波士顿房价预测(回归)

背景:

本节将就预测20世纪70年代波士顿郊区房屋价格的中位数展开讨论。

代码清单1    加载房价数据

from keras.datasets import boston_housing
(train_data, train_targets), (test_data, test_targets) = boston_housing.load_data()

    分析数据:

<<

    结果可知我们有404个测试样本和102个测试样本,每个样本有13个数值特征,分别为犯罪率,住宅面积,交通便利度等。房价大都在1w~5w美元。

代码清单2    数据标准化

    由于该数据集各样本取值范围差异很大,直接将数据输入到神经网络中的话,学习将会变得困难。普遍的解决方法是对每个特征做标准化,即用每个数据的输入特征(输入数据矩阵的列),减去特征平均值(mean),除以标准差(std),这样,特征平均值就变成了0,标准差是1。

mean = train_data.mean(axis=0)                                                                                                                  
train_data -= mean
std = train_data.std(axis=0)
train_data /= std

test_data -= mean
test_data /= std

    很重要的一点是:我们用到的平均值和标准差都是在训练数据上得到的,绝对不能借用测试数据。

代码清单3    模型定义

    因为样本数量很小,所以我们使用一个很小的网络,他包含2个隐藏层,每层64个单元。我们用较小的网络来降低训练数据过小所带来的过拟合问题。

from keras import models
from keras import layers

def build_model():
    model = model.Sequential()
    model.add(layers.Dense(64, activation='relu', input_shape=(train_data.shape[1],)))
    model.add(layers.Dense(64, activation='relu'))
    model.add(layers.Dense(1))

    model.compile(optimizer='rmsprop', loss='mse', metrics=['mae'])
    return model

    网络最后一层只有一个单元,没有激活函数,是一个线性层,这是标量回归(标量回归是预测单一连续值的回归)的典型设置,添加激活函数反而会限制输出范围(纯线性可以预测任意范围内的值)。

    注意,编译网络用的是mse损失函数,即均方误差(MSE, mean aquared error),预测值与目标值之差的平方,这是回归问题常用的损失函数。

    我们还使用了新的监控指标:平均绝对误差(MAE, mean absolute error),表示预测值与目标值之差的绝对值。

代码清单4    K折验证

    

import numpy as np

k = 4
num_val_samples = len(train_data) // k
num_epochs = 100
all_mae_histories = []

for i in range(k):
    print('processing fold #', i)

    val_data = train_data[i * num_val_samples: (i + 1) * num_val_samples]
    val_targets = train_targets[i * num_val_samples: (i + 1) * num_val_samples]

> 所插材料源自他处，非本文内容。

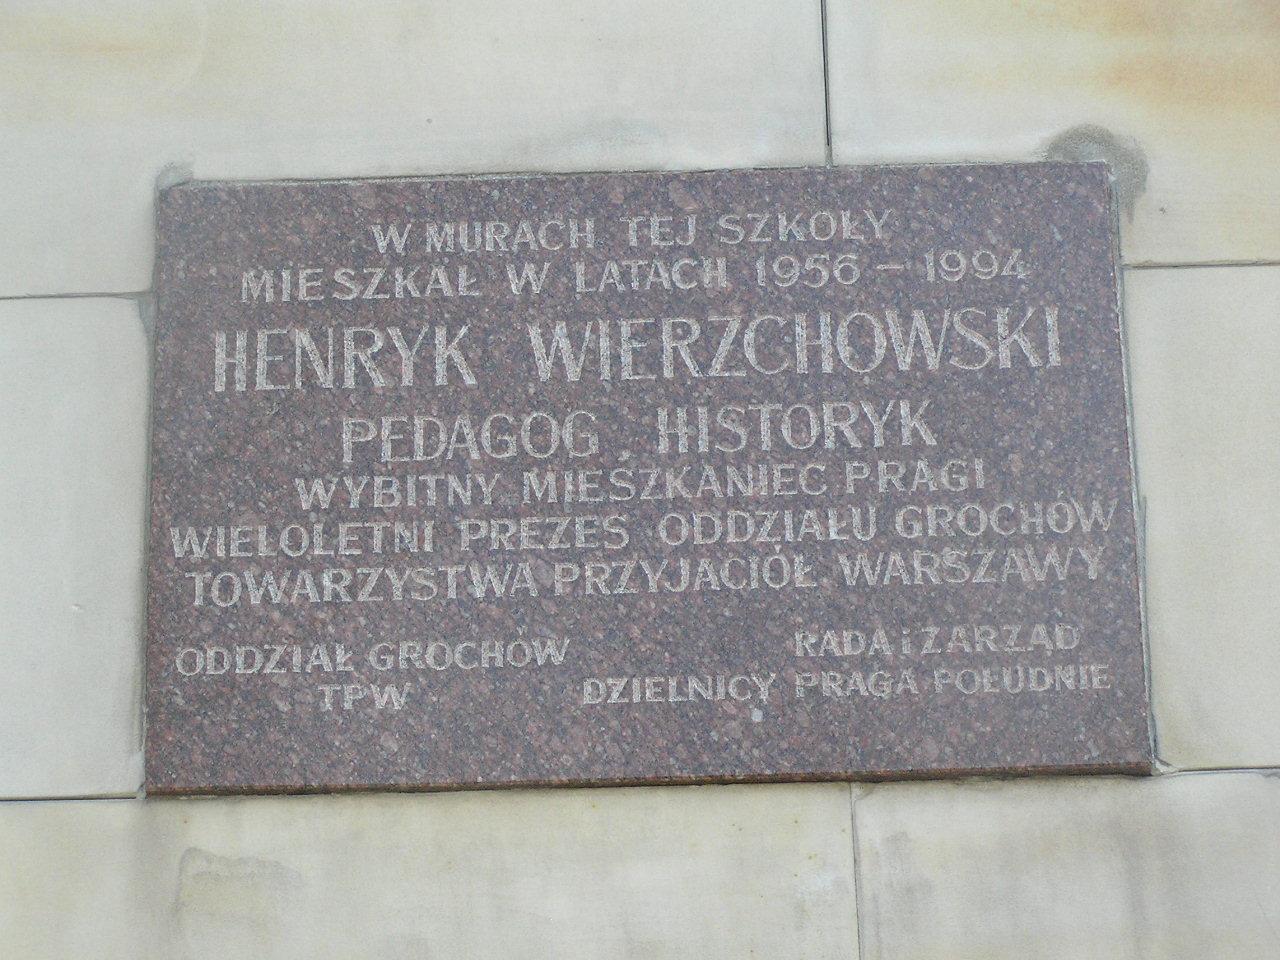 Tablica pamięci Henryka Wierzchowskiego

    partial_train_data = np.concatenate([train_data[: i * num_val_samples], 
                                        train_data[(i + 1) * num_val_samples:]], axis=0)
    partial_train_targets = np.concatenate([train_targets[: i * num_val_samples], 
                                           train_targets[(i + 1) * num_val_samples:]], 
                                           axis=0)

    model = build_model()
    model.fit(partial_train_data, partial_train_targets, 
              epochs=num_epochs, batch_size=1, verbose=0)
    val_mse, val_mae = model.evaluate(val_data, val_targets, verbose=0)
    all_scores.append(val_mae)

    设置num_epochs = 100,运行结果如下:

>>>all_scores
[2.079510043163111, 2.125610089538121, 2.9143613801144137, 2.429211360393184]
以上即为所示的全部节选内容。